++++ Records ++++

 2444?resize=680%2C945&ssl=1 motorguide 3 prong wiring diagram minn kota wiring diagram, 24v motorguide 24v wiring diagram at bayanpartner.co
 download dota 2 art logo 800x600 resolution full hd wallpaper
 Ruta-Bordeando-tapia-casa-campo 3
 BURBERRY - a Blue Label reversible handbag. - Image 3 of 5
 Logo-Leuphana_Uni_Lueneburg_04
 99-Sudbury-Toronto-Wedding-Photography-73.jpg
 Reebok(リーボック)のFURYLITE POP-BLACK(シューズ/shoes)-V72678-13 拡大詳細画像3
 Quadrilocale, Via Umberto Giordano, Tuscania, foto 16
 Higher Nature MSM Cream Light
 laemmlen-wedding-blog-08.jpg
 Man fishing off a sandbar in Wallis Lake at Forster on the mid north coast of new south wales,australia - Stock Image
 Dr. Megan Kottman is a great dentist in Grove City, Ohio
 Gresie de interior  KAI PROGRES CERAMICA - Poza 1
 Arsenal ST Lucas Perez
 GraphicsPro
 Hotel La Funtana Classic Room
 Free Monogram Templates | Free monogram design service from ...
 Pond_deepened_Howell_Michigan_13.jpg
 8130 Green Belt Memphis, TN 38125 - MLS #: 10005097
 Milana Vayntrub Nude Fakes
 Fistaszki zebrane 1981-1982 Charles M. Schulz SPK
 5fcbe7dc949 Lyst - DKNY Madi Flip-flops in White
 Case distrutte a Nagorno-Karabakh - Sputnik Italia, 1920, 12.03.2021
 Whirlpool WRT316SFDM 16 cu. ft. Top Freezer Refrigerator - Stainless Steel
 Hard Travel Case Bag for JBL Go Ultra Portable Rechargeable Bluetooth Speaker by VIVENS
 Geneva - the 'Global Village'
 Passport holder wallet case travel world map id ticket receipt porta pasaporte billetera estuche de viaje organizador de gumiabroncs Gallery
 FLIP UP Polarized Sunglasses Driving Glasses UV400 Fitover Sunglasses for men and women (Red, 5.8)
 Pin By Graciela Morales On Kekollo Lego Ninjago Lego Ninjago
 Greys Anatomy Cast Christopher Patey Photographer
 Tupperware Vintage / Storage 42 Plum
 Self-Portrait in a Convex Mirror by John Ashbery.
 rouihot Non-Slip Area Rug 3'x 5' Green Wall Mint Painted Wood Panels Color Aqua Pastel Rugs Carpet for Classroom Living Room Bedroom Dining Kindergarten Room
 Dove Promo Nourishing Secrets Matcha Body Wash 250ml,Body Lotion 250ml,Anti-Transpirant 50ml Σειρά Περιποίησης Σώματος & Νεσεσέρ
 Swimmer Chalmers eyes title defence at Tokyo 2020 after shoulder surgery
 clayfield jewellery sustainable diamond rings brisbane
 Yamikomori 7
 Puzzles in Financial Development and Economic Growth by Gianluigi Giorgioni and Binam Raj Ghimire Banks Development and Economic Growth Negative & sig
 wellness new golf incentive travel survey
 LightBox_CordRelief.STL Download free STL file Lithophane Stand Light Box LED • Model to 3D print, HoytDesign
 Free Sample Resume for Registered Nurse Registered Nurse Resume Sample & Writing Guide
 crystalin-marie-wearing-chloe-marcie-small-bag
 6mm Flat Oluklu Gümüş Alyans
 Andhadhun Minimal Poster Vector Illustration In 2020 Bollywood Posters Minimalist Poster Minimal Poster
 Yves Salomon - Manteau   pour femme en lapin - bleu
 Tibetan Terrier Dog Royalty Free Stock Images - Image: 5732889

++++

### Work instruction
From the listing above, how many lines contain the word "Image"? Give only the number.

### Reply to the task
3